# Was it cheating?



## ninasky01 (Aug 4, 2012)

My husband of 2 years is a great, nice guy. 
But around May of this year I became curious when he left his iPod open and on still logged into his Facebook out.
I didn't think anything of it but I went ahead and looked. 
Not only had he been talking to his ex, but he was also saying how much he missed her. And sending her little hearts and whatever.
That broke my heart. And thinking of it to this day still burns like it was yesterday...so I confronted him about it. I asked him and he said yes, he had been talking to her and that it wasn't what I thought. That he had only wanted to make her feel like crap when her and her now husband R, (his ex best friend because she cheated on him with R) to come down to visit, and just call them out on everything thing they did to him.
The thing is, I found this to be life wasting and what hurt me the most was that he made me look stupid. No matter what his plan or intentions were, she thought and probably still thinks that my husband wanted her.

So he broke ties with those people. Both her and him.

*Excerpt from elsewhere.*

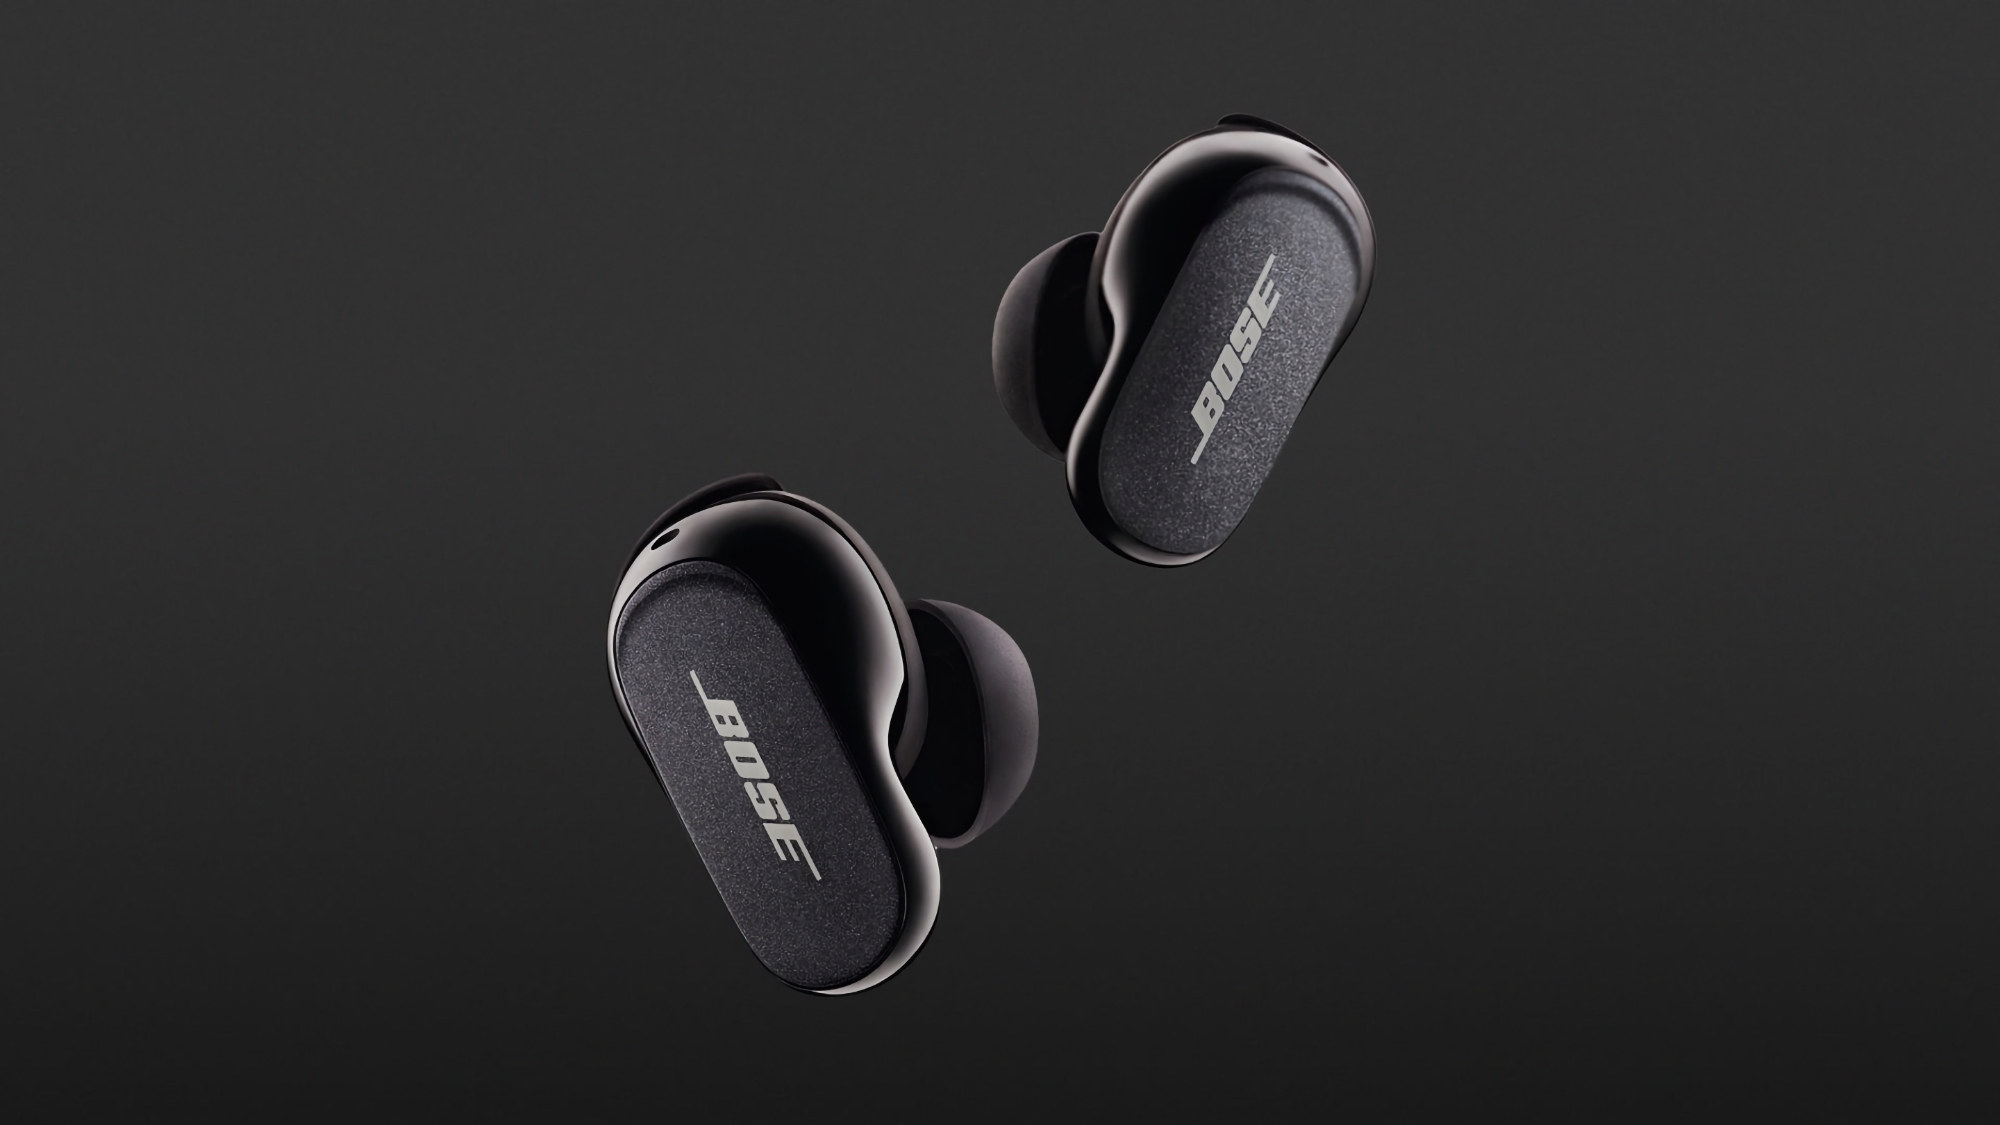 AirPods Pro competitor: new TWS earphones Bose QuietComfort Earbuds II with ANC and up to 24 hours battery life sold at a discount on Amazon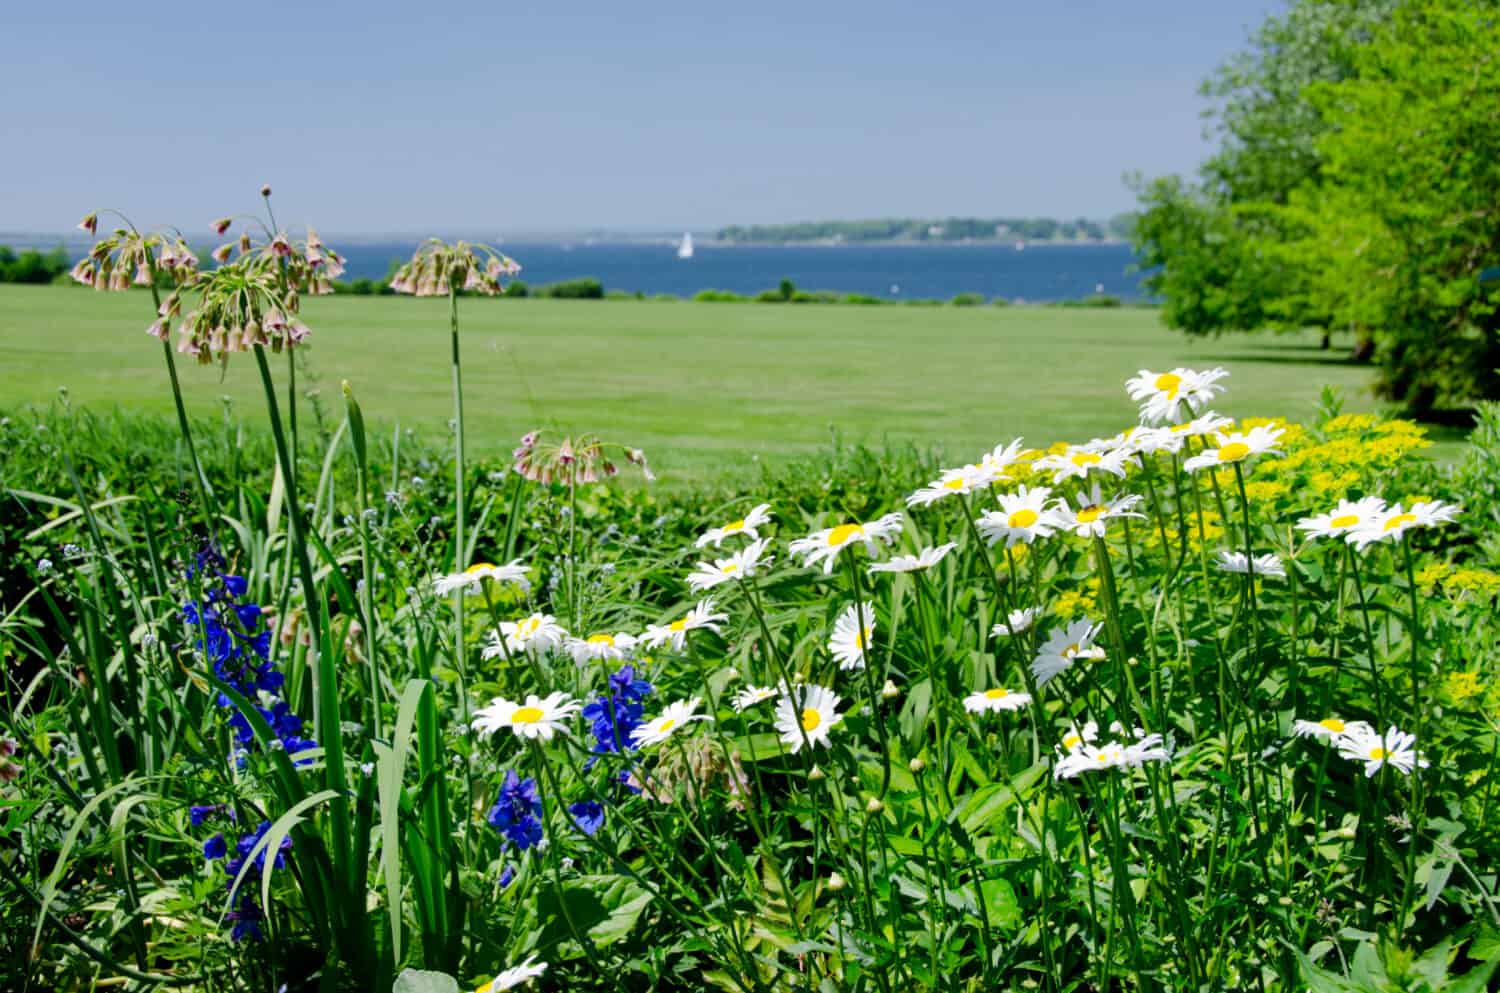 Flowers in Rhode Island. Historic Blithewold Mansion, Gardens and Arboretum. Extensive grounds and garden with view of Narragansett Bay.

Soon afterwards, I couldn't help myself but have to peek at his phone while he wasn't looking, or when he was in the shower or when he was asleep. Ever since the whole ex thing, I couldn't sleep right. A month later, I decided to take a look at his phone while he slept, early in the morning, the sun wasn't up yet.
There was texts from a very familiar number. A number that I have texted before.

See, I'm a photographer and sometimes I tend to keep in contact or become friends with the people I take photos of. This number was one of my former clients, a cute girl, about 18 years old.

And there they were, texting how much she wished she could lay down with him and count his lashes and how he dreamt of kissing her. She had even came to visit him at work and he stated that he was shy and nervous.

I could hardly believe this, going on again.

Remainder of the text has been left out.